Activity: Every line of the listing below from the one with "May be an image" up to and including the one with "Fresh orange juice" should be retyped exactly, and nothing else; pictures are not part of the copy.

Material for the task:
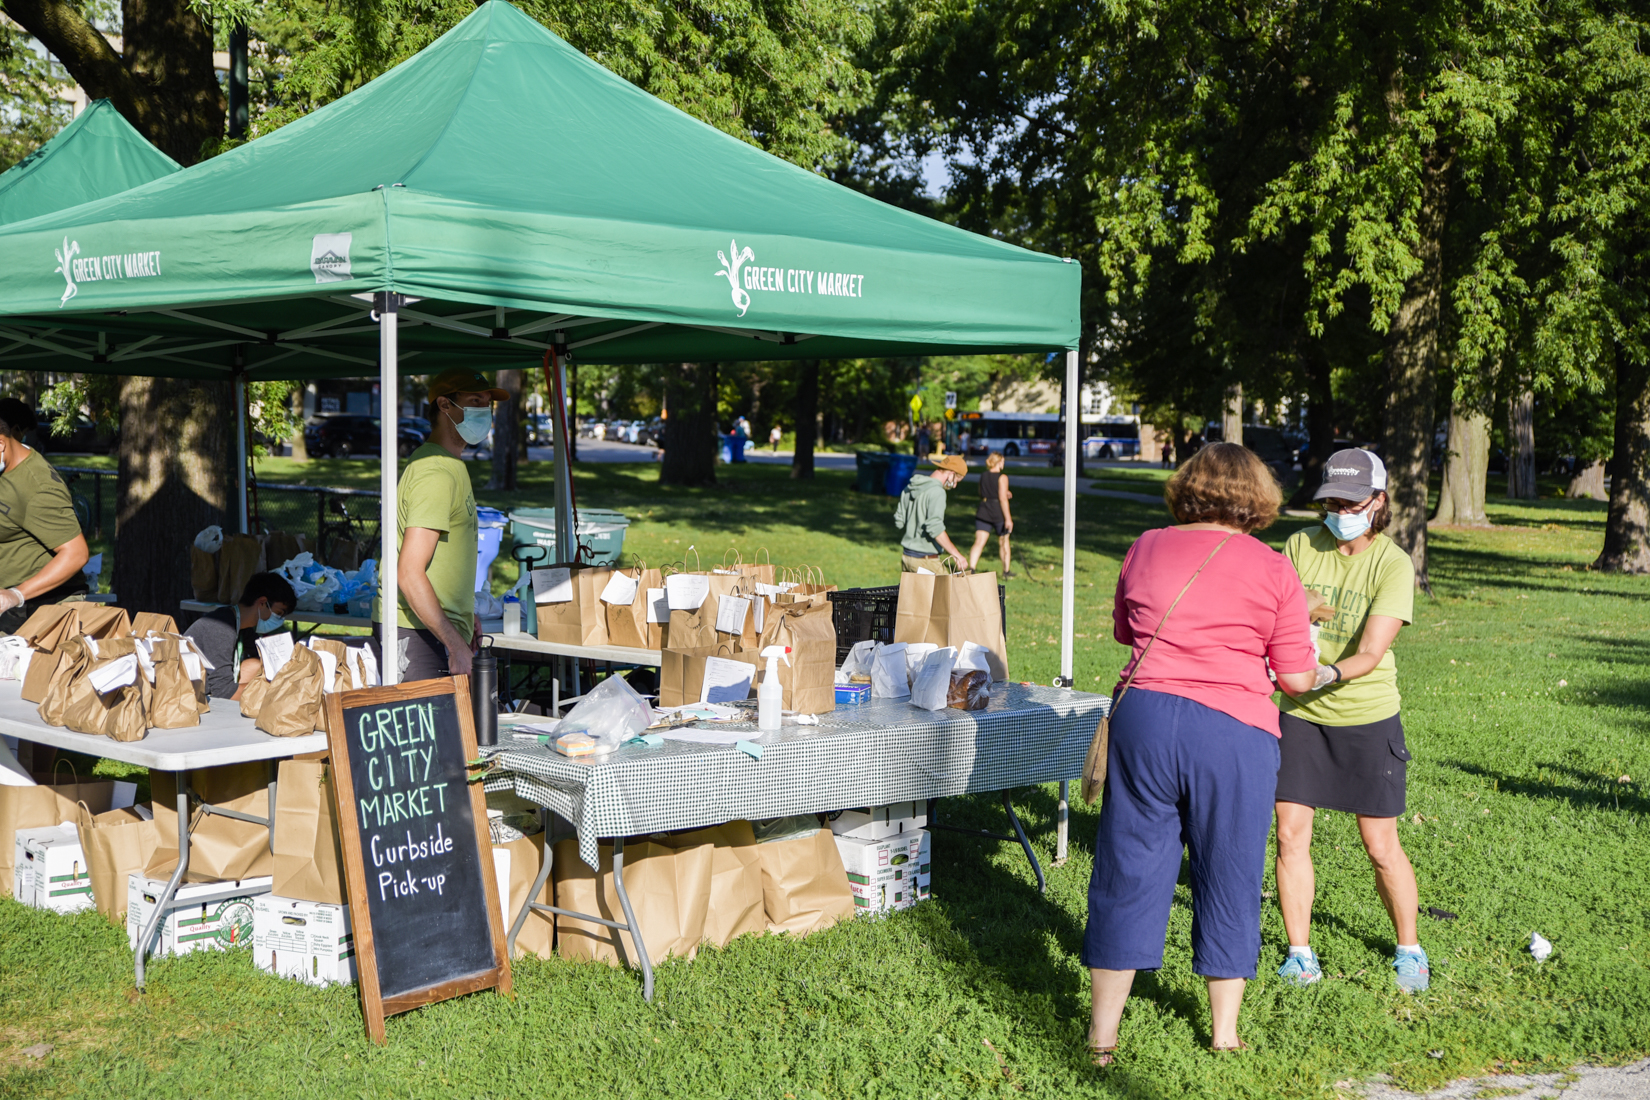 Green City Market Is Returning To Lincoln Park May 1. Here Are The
==
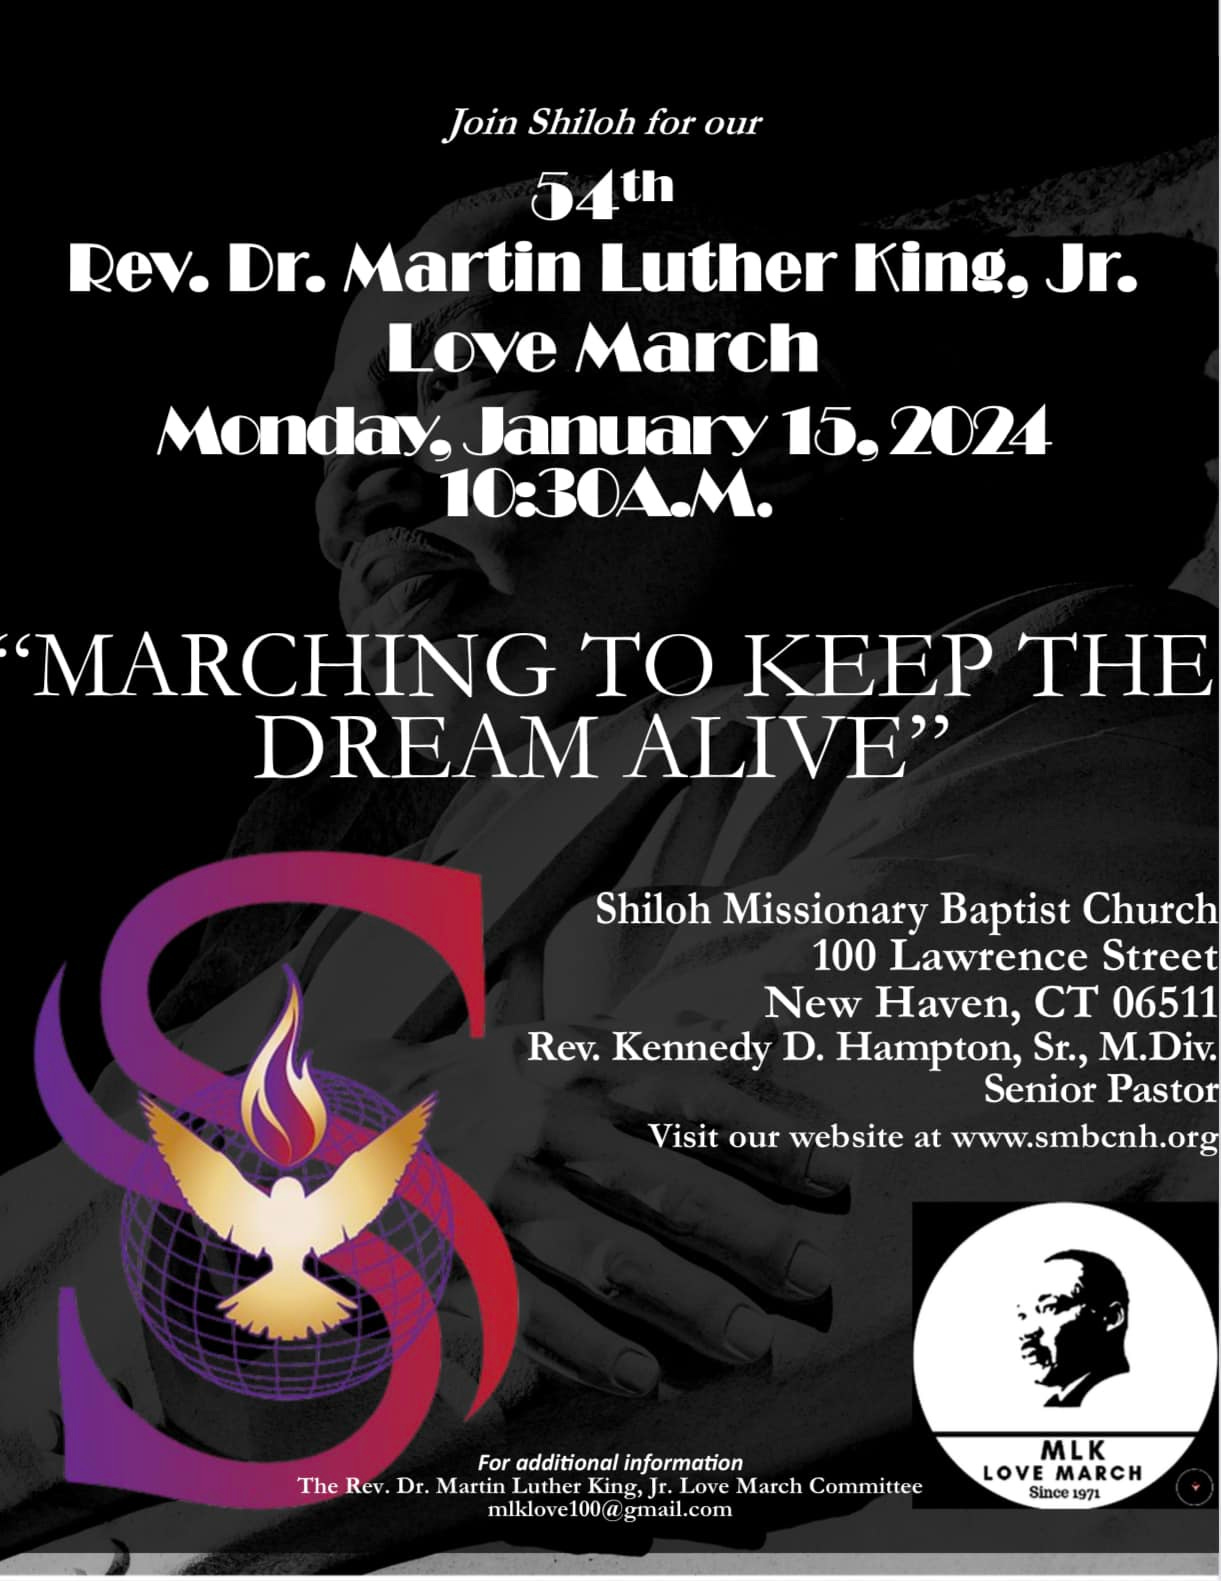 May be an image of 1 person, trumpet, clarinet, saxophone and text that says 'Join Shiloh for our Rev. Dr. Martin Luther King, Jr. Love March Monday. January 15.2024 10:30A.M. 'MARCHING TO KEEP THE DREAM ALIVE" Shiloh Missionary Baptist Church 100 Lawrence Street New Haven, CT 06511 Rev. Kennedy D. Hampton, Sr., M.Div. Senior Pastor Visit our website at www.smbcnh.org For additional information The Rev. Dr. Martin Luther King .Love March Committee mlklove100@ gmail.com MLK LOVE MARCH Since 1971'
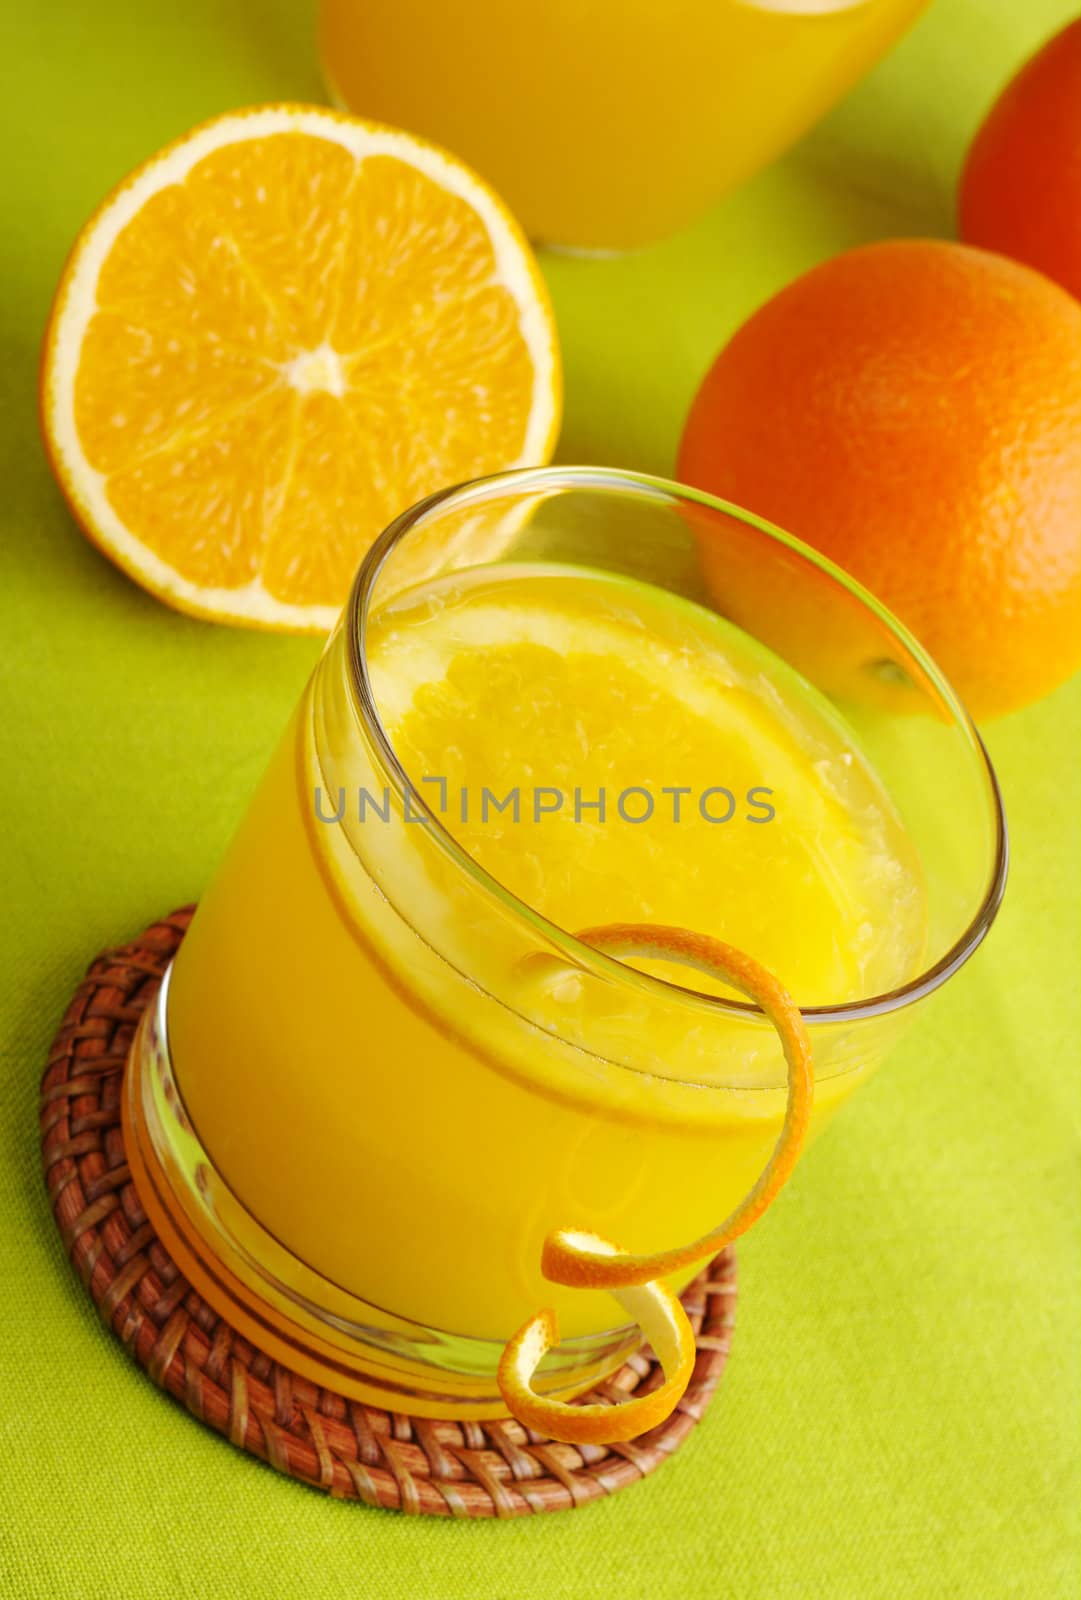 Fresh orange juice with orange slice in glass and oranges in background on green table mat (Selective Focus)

Result:
 May be an image of 1 person, trumpet, clarinet, saxophone and text that says 'Join Shiloh for our Rev. Dr. Martin Luther King, Jr. Love March Monday. January 15.2024 10:30A.M. 'MARCHING TO KEEP THE DREAM ALIVE" Shiloh Missionary Baptist Church 100 Lawrence Street New Haven, CT 06511 Rev. Kennedy D. Hampton, Sr., M.Div. Senior Pastor Visit our website at www.smbcnh.org For additional information The Rev. Dr. Martin Luther King .Love March Committee mlklove100@ gmail.com MLK LOVE MARCH Since 1971'
 Fresh orange juice with orange slice in glass and oranges in background on green table mat (Selective Focus)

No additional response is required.